Clinic n° 12 du 01/12/2016

 

BURN-OUT, ADDICTIONS, COMPORTEMENTS SUICIDAIRES

ACTU

ACD  

Les professionnels de santé ne savent pas à qui s’adresser lorsqu’ils sont en situation de souffrance psychologique. L’association SPS (Soins aux professionnels de santé) travaille à la mise en place d’un parcours de soins qui leur serait réservé. Une ligne d’appel téléphonique ouverte à tous les professionnels de santé doit être lancée au mois de décembre.

Une enquête réalisée l’an dernier avait montré l’importance de l’exposition au risque de souffrance psychologique des professionnels de santé. La moitié d’entre eux déclaraient en effet être ou avoir été en burn-out (syndrome d’épuisement professionnel). Une nouvelle enquête* menée en cette année, en partenariat avec le Centre national des professions de santé (CNPS), révèle que les trois quarts des professionnels de santé chercheraient de l’aide s’ils se trouvaient en situation de souffrance psychologique mais que la moitié d’entre eux ne saurait pas à qui s’adresser. L’autre moitié penserait à se tourner vers sa famille, un confrère ou un ami. Par ailleurs, 95 % des répondants disent ne pas connaître d’associations et de numéros d’écoute réservés aux professionnels de santé en souffrance psychologique. Si un numéro d’appel était mis en place, la majorité des soignants (80 %) préférerait que ce soient des associations professionnelles qui le gèrent et garantissent l’anonymat. Un psychologue se révèle être l’interlocuteur privilégié en premier contact. Les personnes sondées citent aussi un confrère de même spécialité.

Un numéro d’appel

S’appuyant sur ces résultats, l’association SPS présidée par Éric Henry a prévu un parcours de soins spécial dont la première étape, prévue au mois de décembre, est l’ouverture d’une plateforme téléphonique interprofessionnelle, indépendante et tenue au secret médical. Ce service aura pour mission d’apporter une écoute psychologique et une aide à l’orientation soit en direction de personnes pouvant aider à résoudre des problèmes administratifs, soit vers des structures d’aide. Pour les personnes dont l’état nécessite une hospitalisation, l’association SPS s’est aussi lancée dans la mise en place d’une dizaine d’unités réservées aux professions de santé, réparties sur le territoire. L’ensemble du dispositif devait être détaillé le 29 novembre lors du second colloque national sur le parcours des soins des personnes vulnérables à l’hôpital du Val-de-Grâce. Pour Éric Henry, ce parcours de soins doit être aménagé sans frais particuliers, à l’exception de la ligne d’appel téléphonique par laquelle il cherche des financements (57 € l’appel). Le responsable du SPS table sur 12 000 appels annuels.

Ce n’est pas « nombriliste de se préoccuper de sa propre santé » tient à affirmer Jean-Pierre Olié, président de la Fondation Pierre-Deniker, qui est en train d’élaborer un arbre décisionnel pour les écoutants de la plateforme. Ce psychiatre est « très motivé pour agir en amont » car, observe-t-il, « les médecins se préoccupent de leur addiction ou de leur dépression à un stade trop tardif ».

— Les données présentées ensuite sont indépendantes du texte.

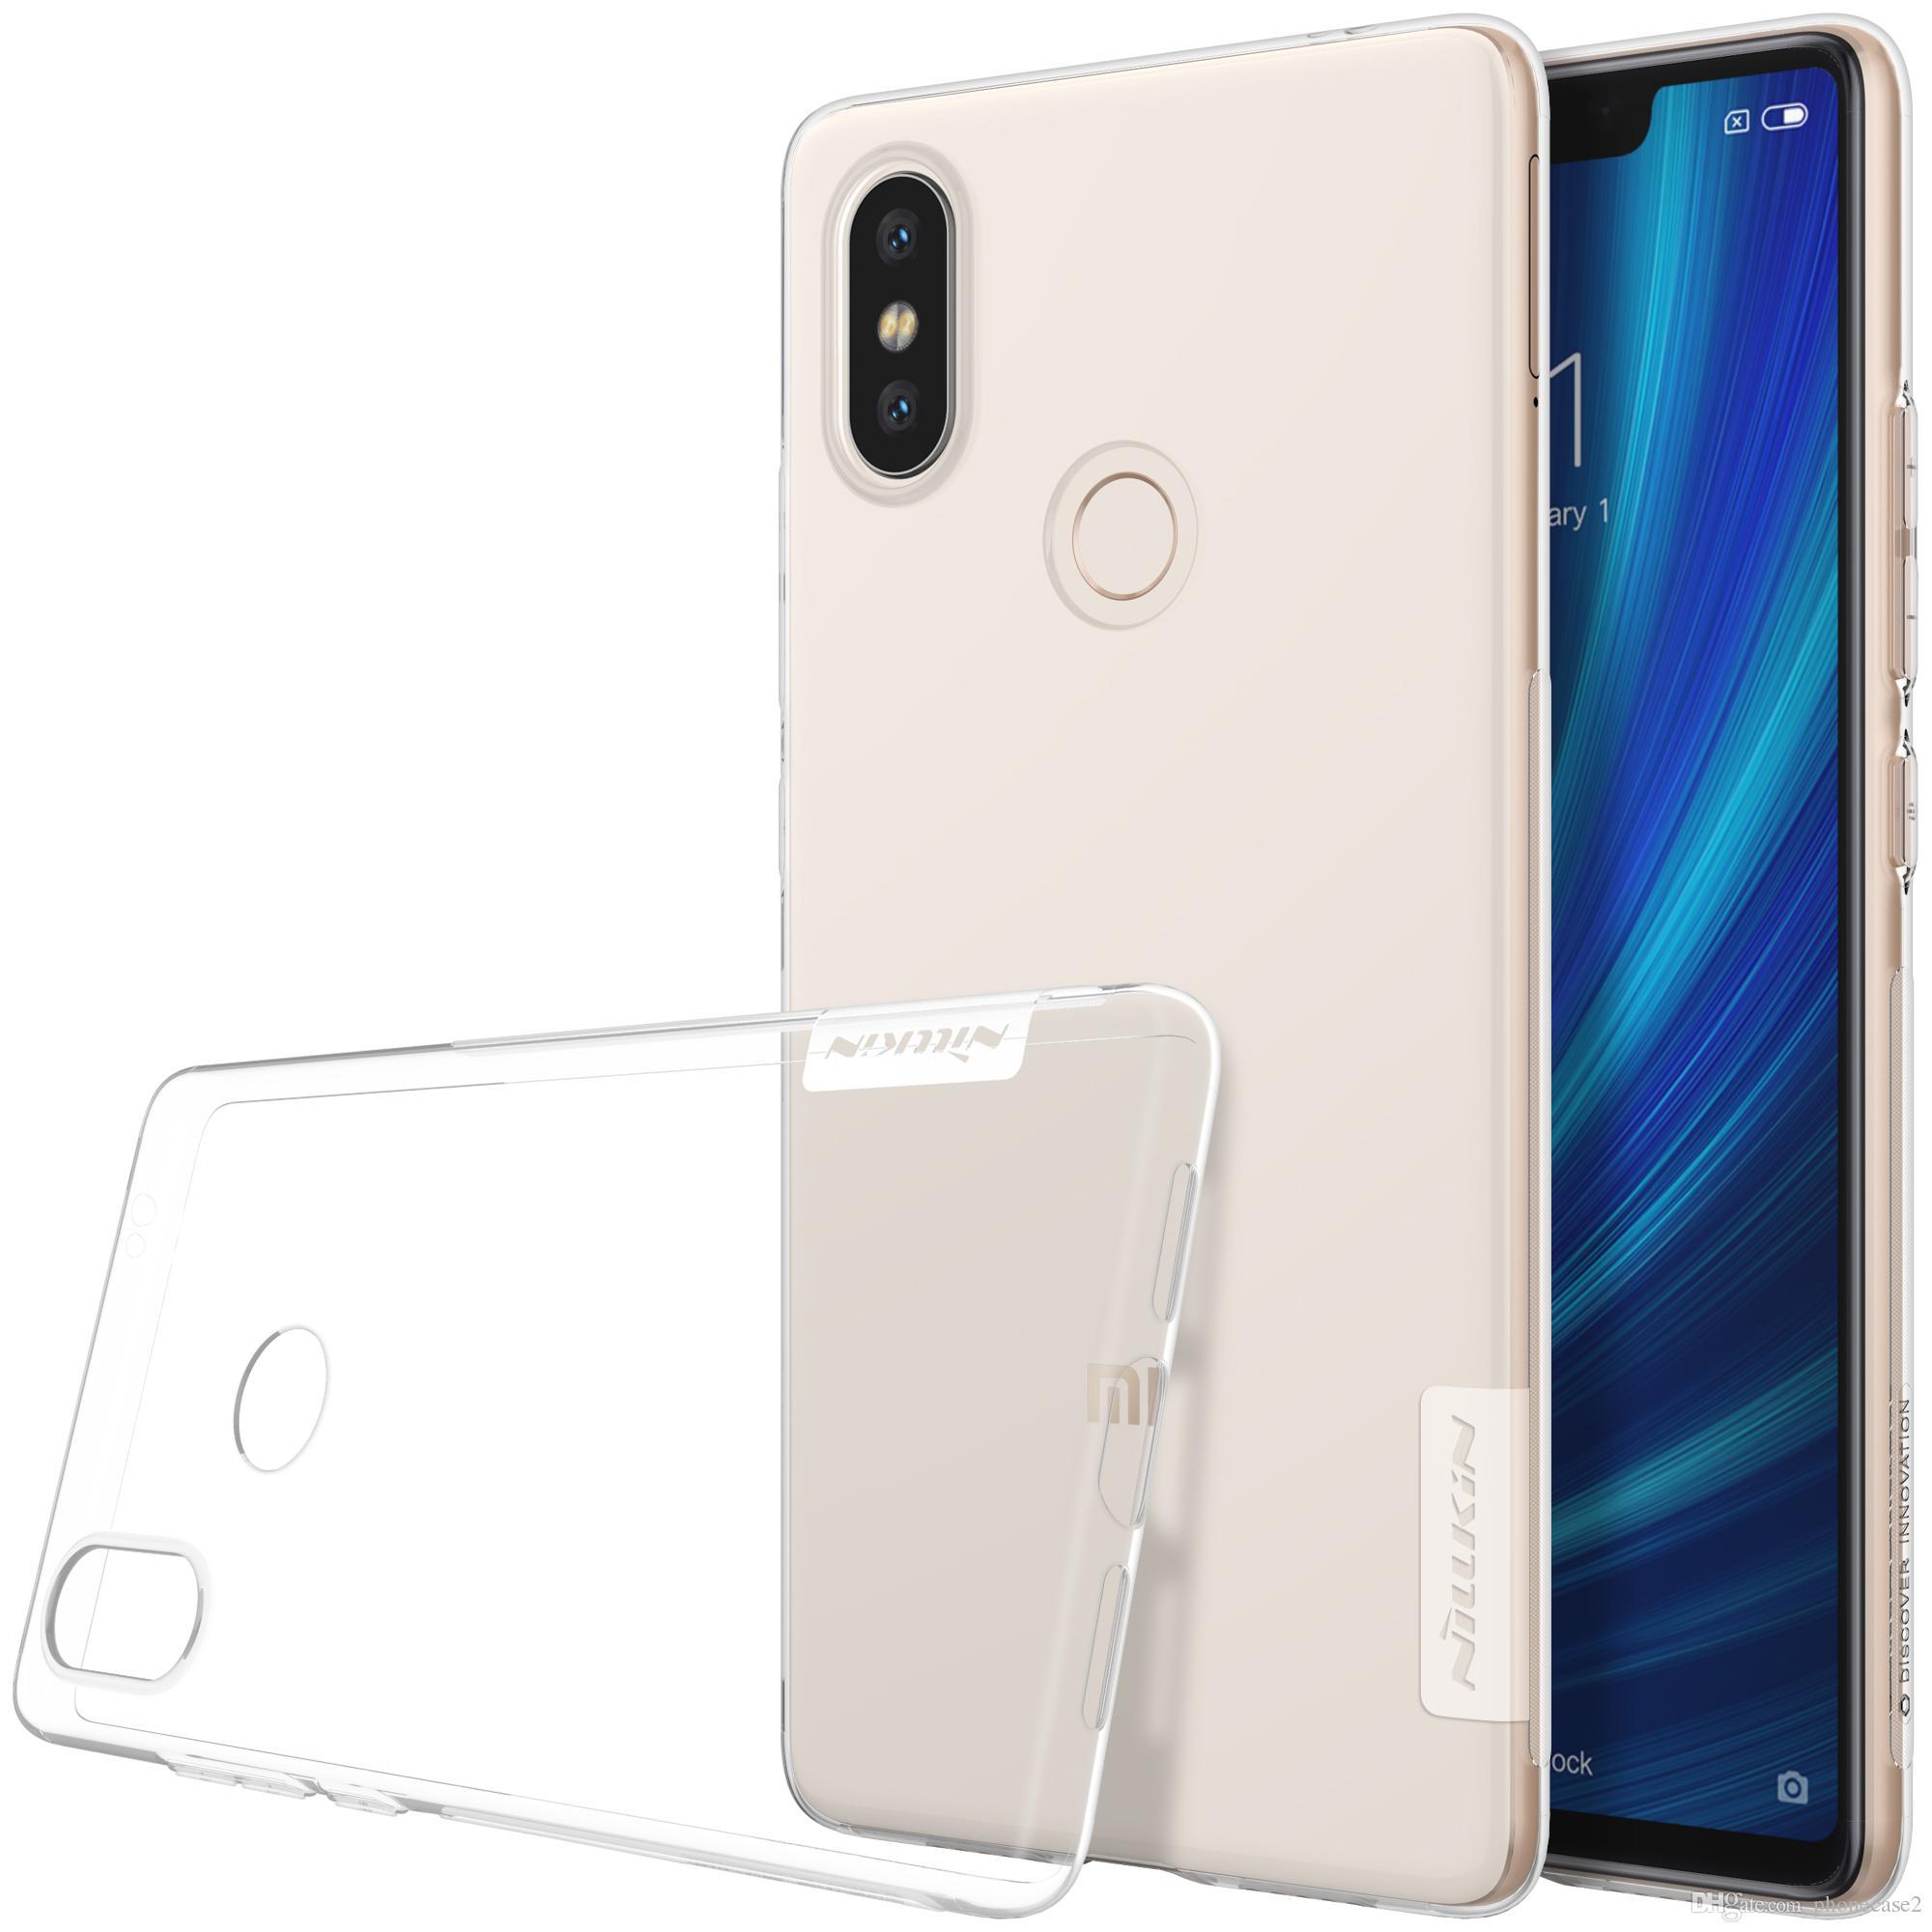 Xiaomi Mi 8 Se 6 Case Nillkin Soft Silicone Tpu Clear Phone Bag Mercury Jelly Samsung Galaxy J5 Prime Back Cases For Mi8 Mi6 Cover Online With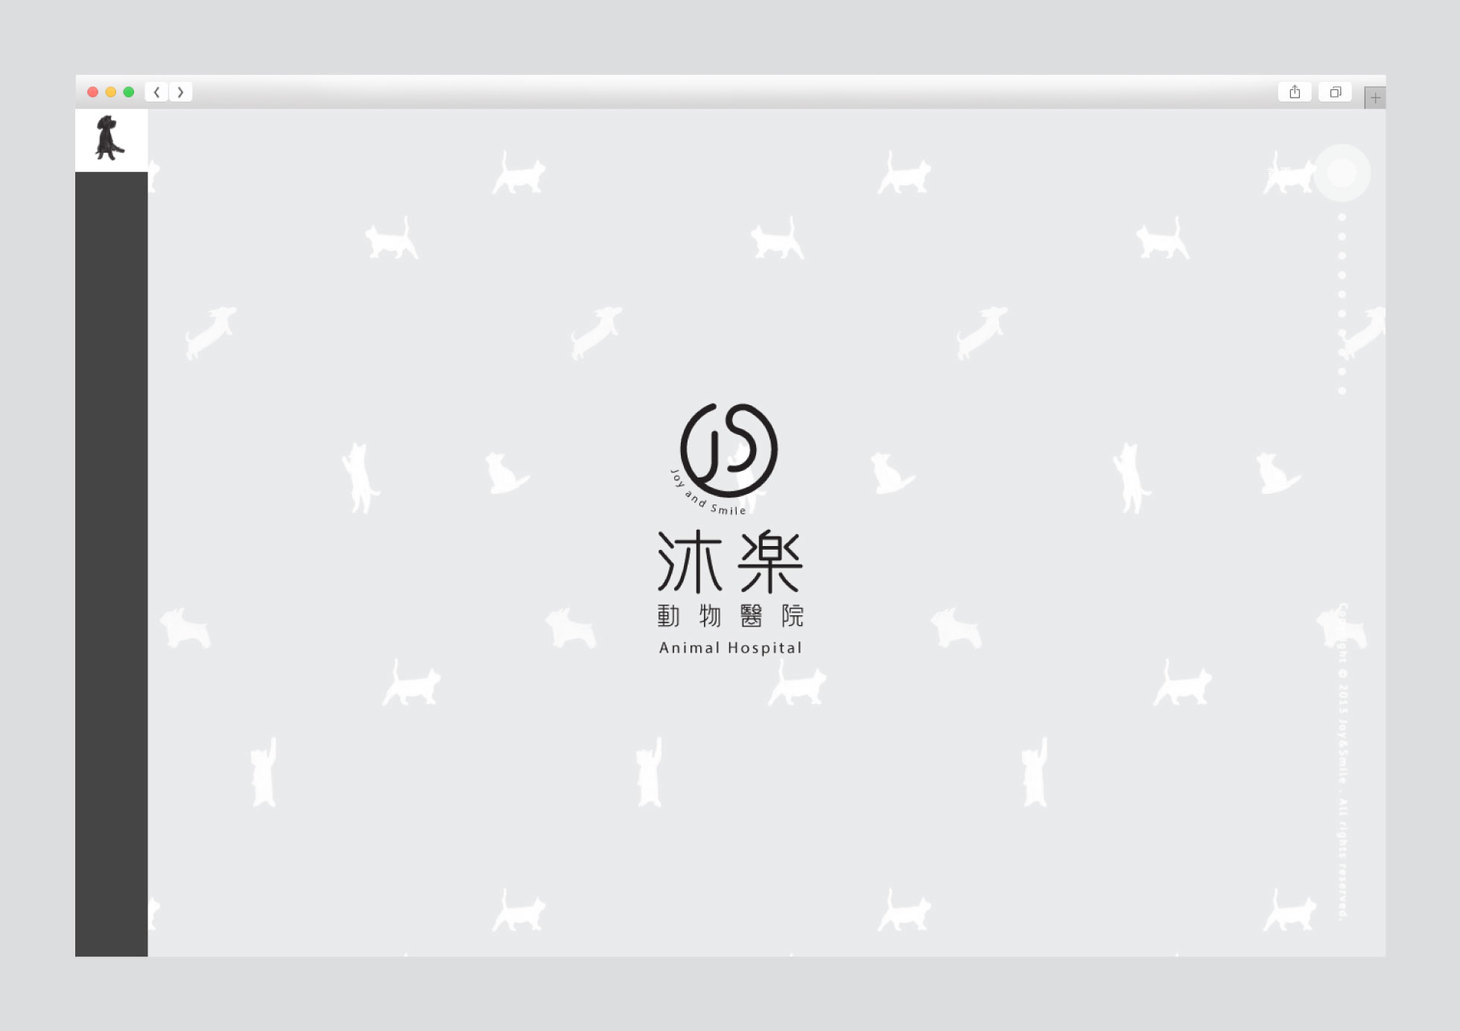 JSV_01.jpg

* Enquête à laquelle 4 000 professionnels de santé travaillant en majorité dans le secteur libéral ont répondu entre le 19 septembre et le 10 octobre dernier (990 kinésithérapeutes, 842 médecins, 680 orthophonistes, 491 infirmiers, 329 podologues, 224 pharmaciens, 178 chirurgiens-dentistes, orthoptistes, aides-soignants, biologistes…).

SELON L’ENQUÊTE

• Près de la moitié des professionnels de santé (48 %) pense que leur souffrance pourrait affecter la qualité des soins au point de mettre en danger la vie d’autrui ;

• En situation de souffrance, les professionnels de santé estiment à 24 jours en moyenne le temps maximum qu’ils pourraient passer à se soigner sans travailler ;

• 16 % des professionnels de santé se disent prêts à s’investir et aider leurs confrères. Pour Éric Henry, si elles sont formées, ces personnes pourraient devenir « des sentinelles dans les régions » chargées de repérer les professionnels en situation de souffrance psychologique afin de leur venir en aide.